Assignment: Give the whole listing below once more, exactly, without pictures.

Supplied data:
----------
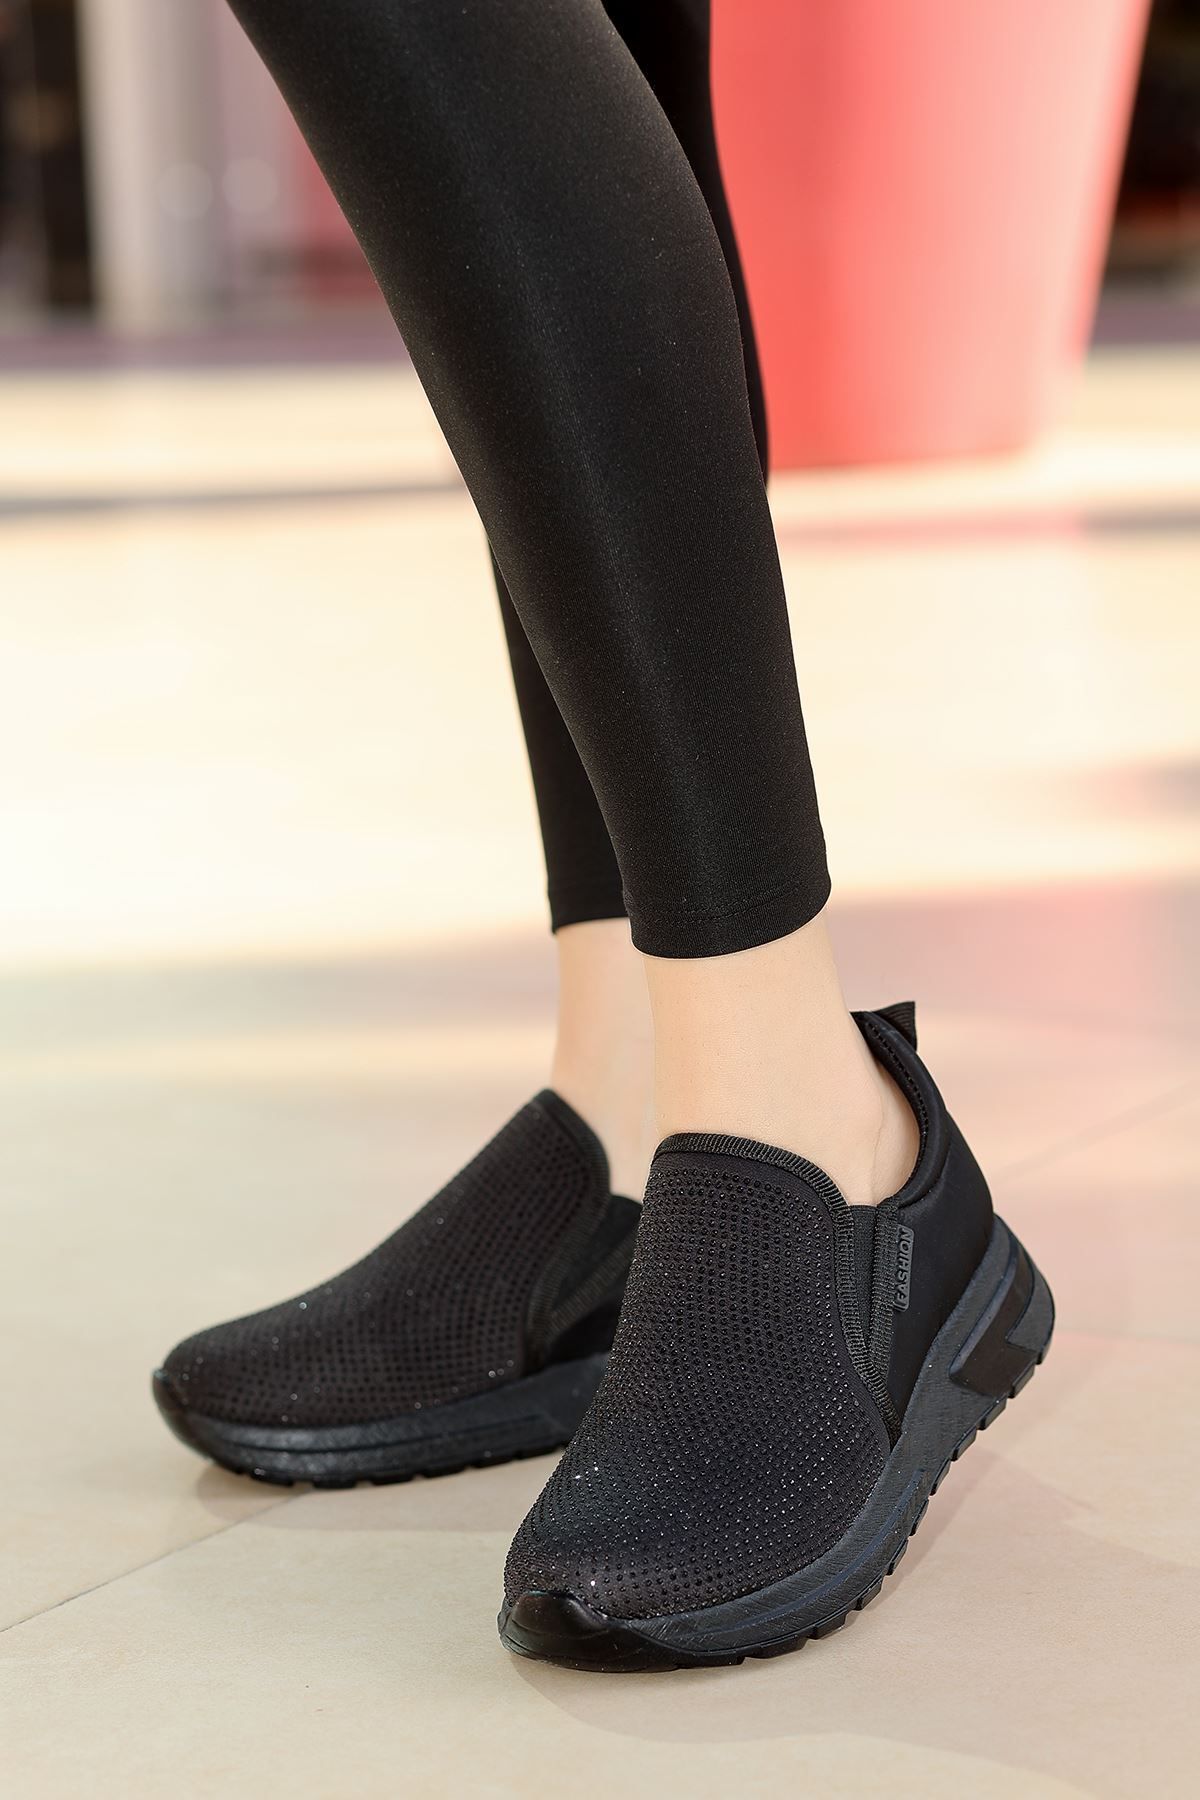 otuzbesshoes Lare Taş Detaylı Kadın Spor Ayakkabı Siyah
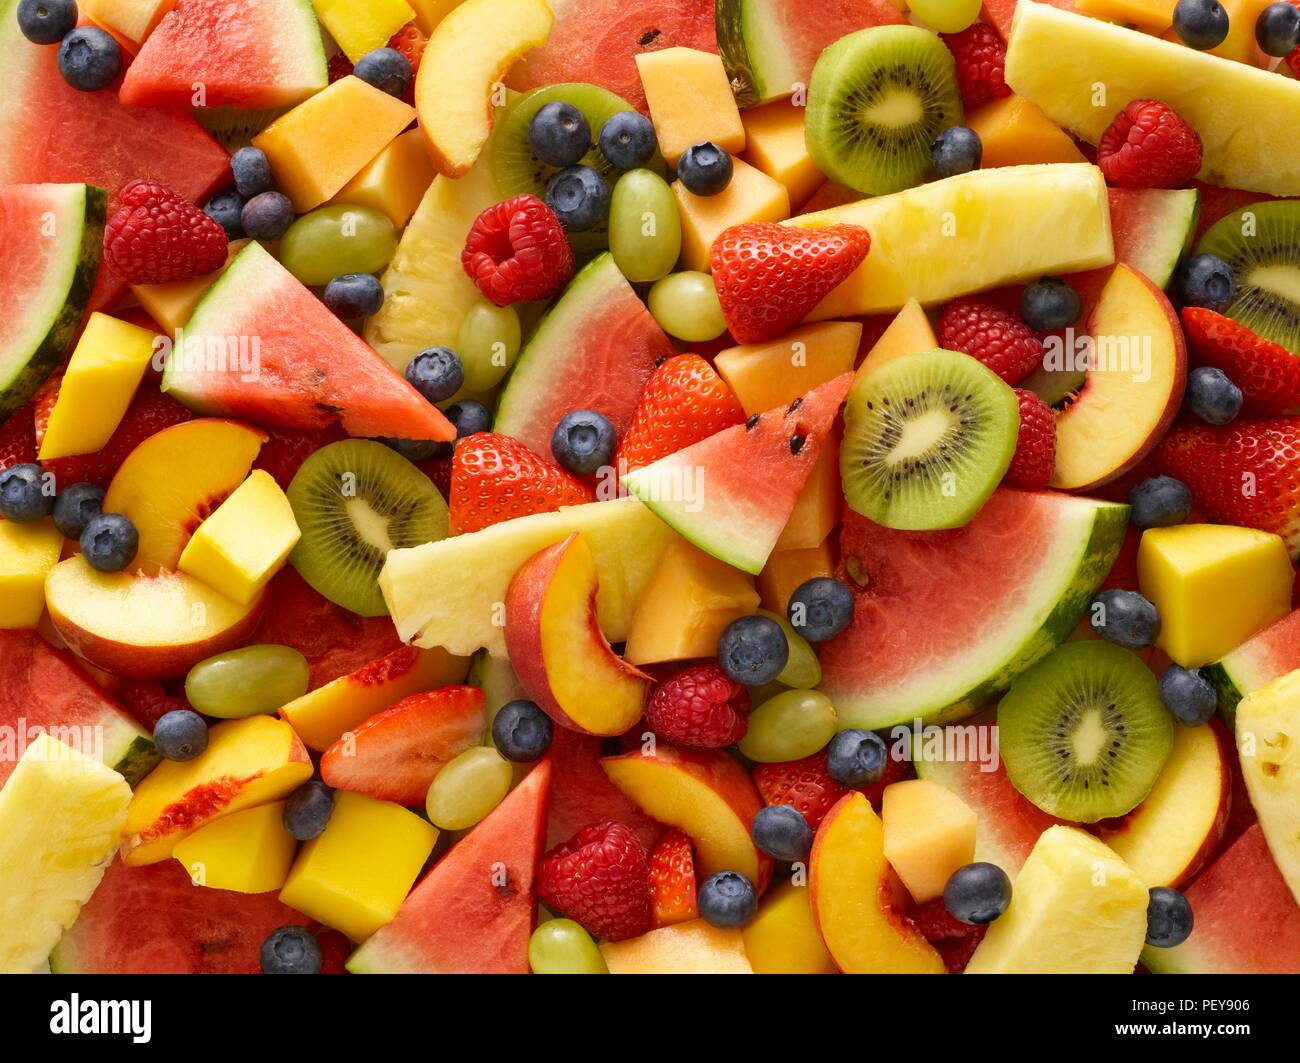 Variety of fresh fruit, full frame. Stock Photo
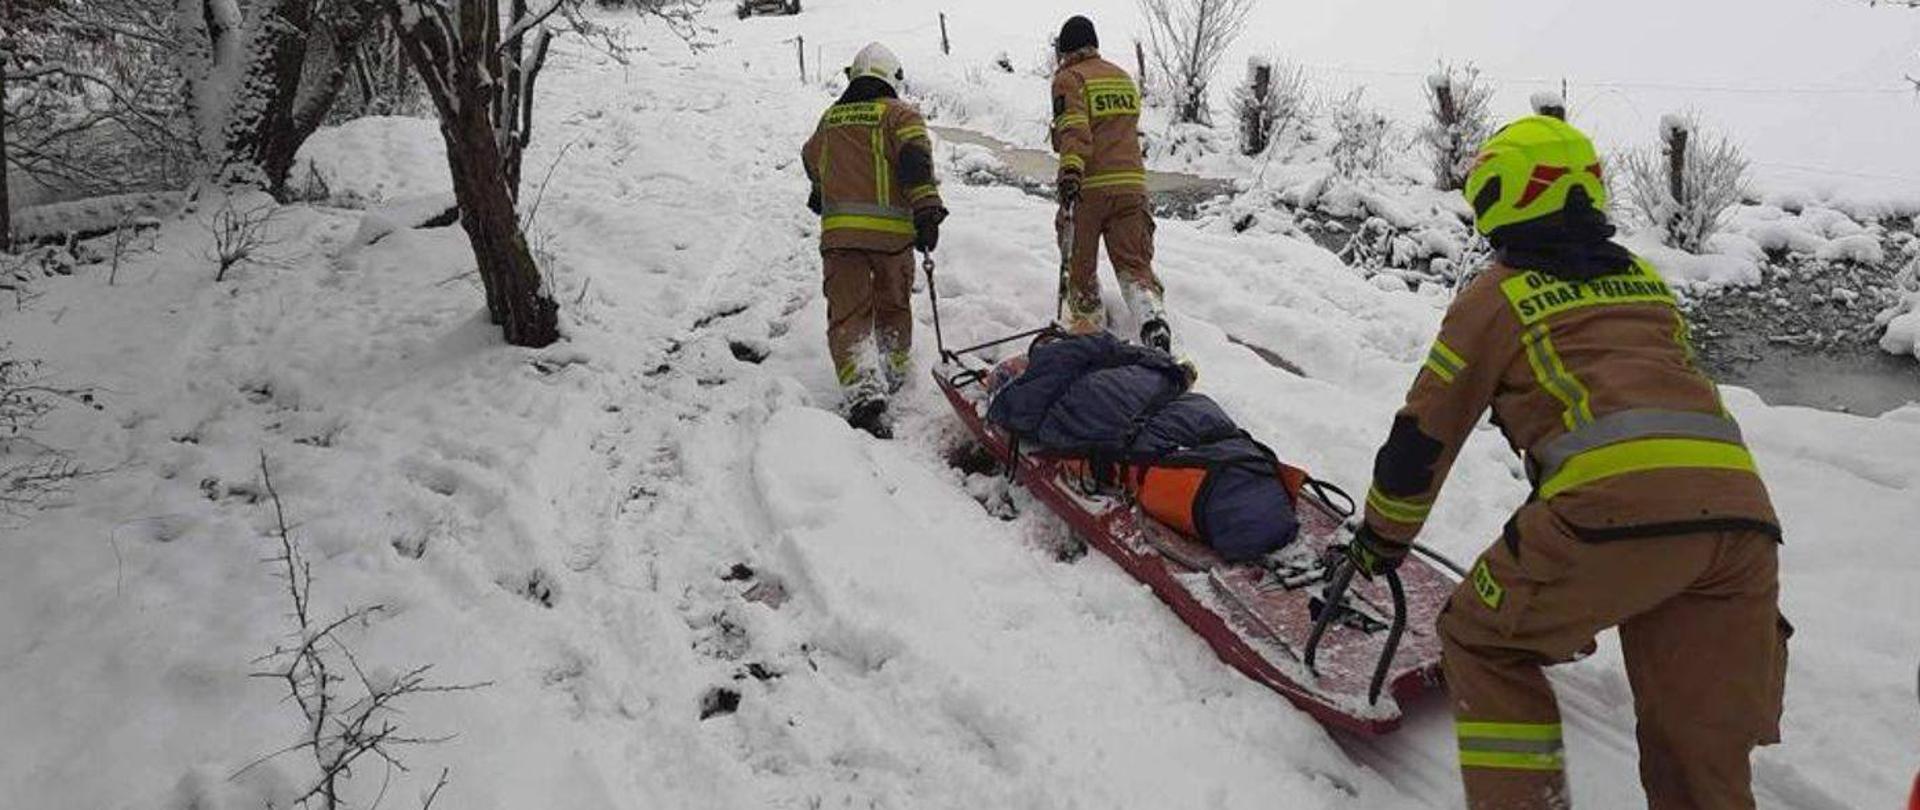 Zima, dużo śniegu. Strażacy transportują chorego do karetki na saniach.
----------
Answer box:
 otuzbesshoes Lare Taş Detaylı Kadın Spor Ayakkabı Siyah
 Variety of fresh fruit, full frame. Stock Photo
 Zima, dużo śniegu. Strażacy transportują chorego do karetki na saniach.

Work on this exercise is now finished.